Brush up your writing skills if you want to get published

Well-written academic papers are far more likely to pass editorial scrutiny. Matthew Reisz reports

April 16, 2009

Getting into print is often a crucial challenge for doctoral students and early-career academics hoping to ascend to the next level.

This accounts for the turnout of almost 70 members of the Newer Researchers Network - including experts in bumblebees, children's rights and the novels of Graham Greene - for a workshop on "Academic Writing Skills and Getting Published", held by the Society for Research into Higher Education last week.

The workshop's first session was led by Simon Lygo-Baker, assistant director (policy) of King's Learning Institute at King's College London.

Far too many authors "fail to think of the relevance of what they write about, confuse readers and go off on tangents", he said. "You need to keep things relevant and interesting for an audience."

Even writing for specialist journals required reaching out beyond the very intimate kind of "dialogue" that doctoral students have with their supervisors and external examiners, he added.

The odds can seem daunting. Some editors reject 80 per cent of the material submitted and then publish only 4 to 5 per cent of what they send out to referees.

Yet there are a number of routes that can make "the journey to publication less rocky and more stable", Mr Lygo-Baker said.

Many editors report vast numbers of submissions that read like drafts. They are often badly written, poorly constructed or focus on a topic that is parochial, overanalysed or long past its sell-by date, he added.

Others have no sense of the style of a particular journal, fail to address the major theoretical issues, take far too long to get to the point or offer "conclusions" that do not arise from what has gone before.

Anyone who avoids even these obvious traps should be well ahead of the game, he said.

Mr Lygo-Baker spoke of the personal satisfaction gained from having work published. He joked that there was nothing nicer than walking around with a publication one had written under one's arm and making casual references to it in conversation.

But ambitious academics must also strive to ensure that the people who can help build their careers read and remember what they write, so some of the principles that apply to journalism or thrillers apply to scholarly work, too.

"Give readers a hook or incentive at the start to grab their attention and get them involved," he suggested.

The ending is equally important: "Summarise your central claim at the end, so that people take away something concrete."

'Jump in and start'

In a later session, Rowena Murray, reader in education at the University of Strathclyde and the author of books including Writing for Academic Journals and How to Write a Thesis, turned to the theme of academic writing.
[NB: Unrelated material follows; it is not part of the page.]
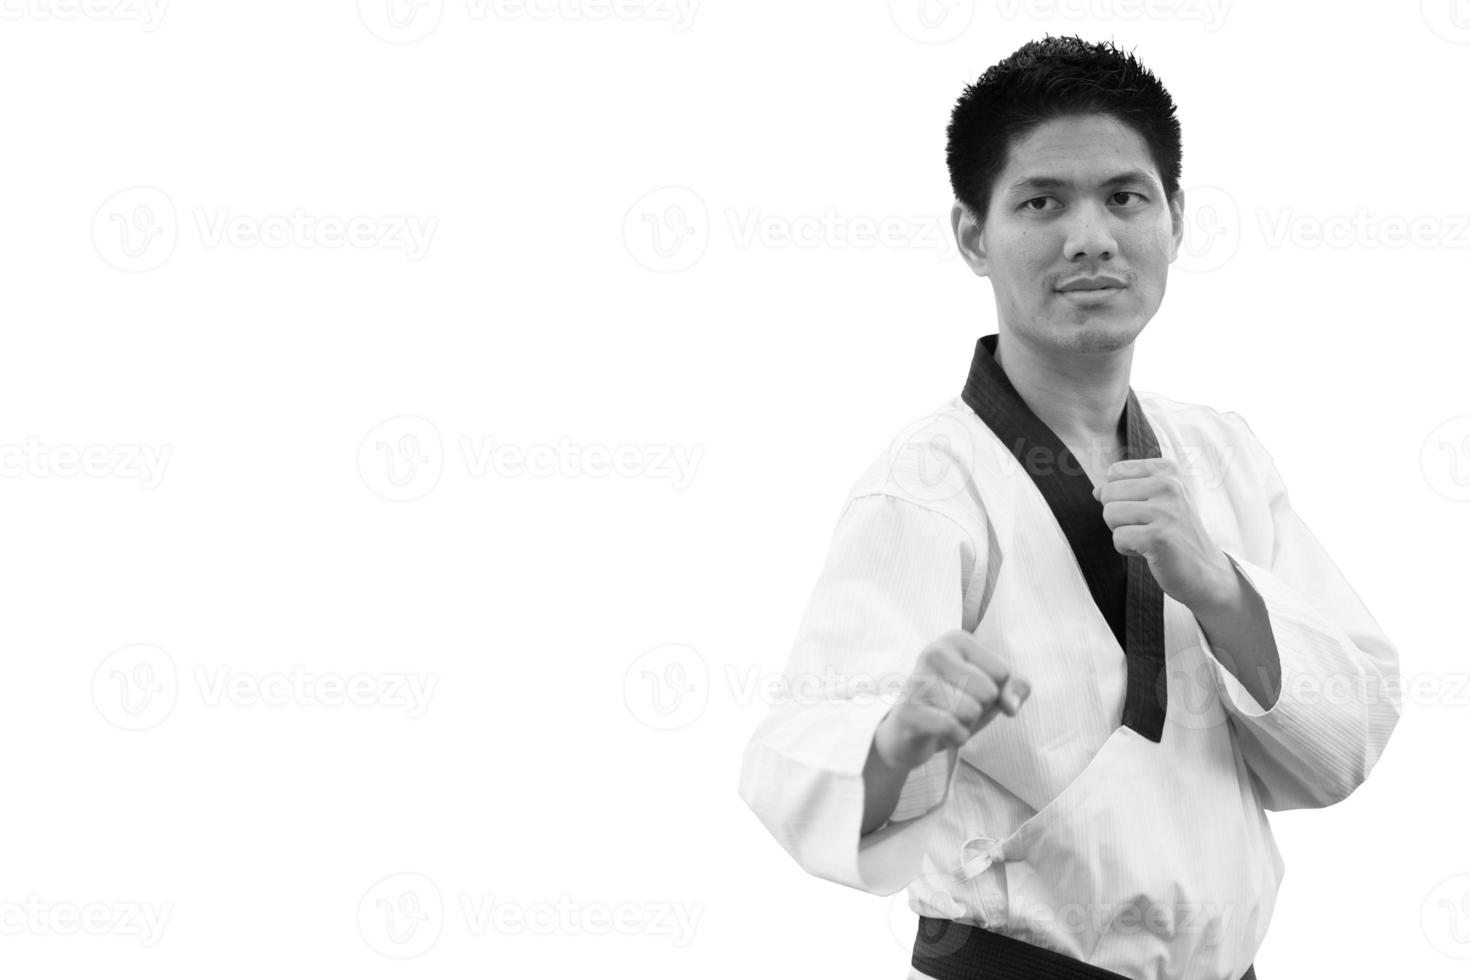 schwarzer gürtel taekwondo man guard stehend auf weiß mit beschneidungspfad foto

The ideal, she said, is for scholars to be able to write on demand.

There is certainly a place for writers' retreats - particularly those operating on the "typing pool" model, allowing short periods of social interaction, rather than one of "solitary confinement" - which provide solid slabs of writing time, she said.

But it is also important to get into the habit of grabbing any spare time and using it to write.

"Snacking" can be just as effective as "bingeing" in getting an article or book written, so it is a mistake to assume one needs a weekend or even a week to write anything half-decent, Dr Murray added.

This, she said, is a recipe for procrastination interspersed with 18-hour writing marathons when one finally manages to carve out some free time.

A key technique, the audience heard, is "writing to prompts", which provide templates to help people "jump in and start".

A simple exercise on these lines demonstrated how much one can achieve in even five or ten minutes if one works within strict guidelines.

By building up their confidence, anyone can develop the behavioural techniques to smooth the path from non-writing to writing, Dr Murray stated, adding that similar prompts can also help to ensure that a thesis or journal article delivers what is expected and maximises its impact.

PhDs, for example, are meant to "internalise the debate" within controversial subject areas.

By consciously drawing on set phrases, such as "Some will argue that ..." or "Possible interpretations include ... ", writers can ensure that they package their research in the most appropriate way.

Yet amid many detailed suggestions, Dr Murray offered one essential principle: if you want to be an effective and productive writer, start writing now. Cutting the grass and cleaning the bathroom can wait.


A few extra tips from Simon Lygo-Baker:

  • Rejection by leading journals is the norm, so get used to it (but listen to any concrete criticism);
  • Do not "waste" too many good ideas in a single article;
  • Book reviewing is a good way to get a writing career up and running, but be careful who you criticise;
  • You don't have to include an invented word and a colon in the title of every journal article.

A few extra tips from Rowena Murray:

  • Use writing to develop, rather than just document, your ideas;
  • Always keep in mind - and make explicit - where your "original contribution" lies;
  • Learn to overcome your inner editor. Fight the temptation to stop and find references for everything as you write;
  • Defer the quality question: rough drafts are meant to be rough.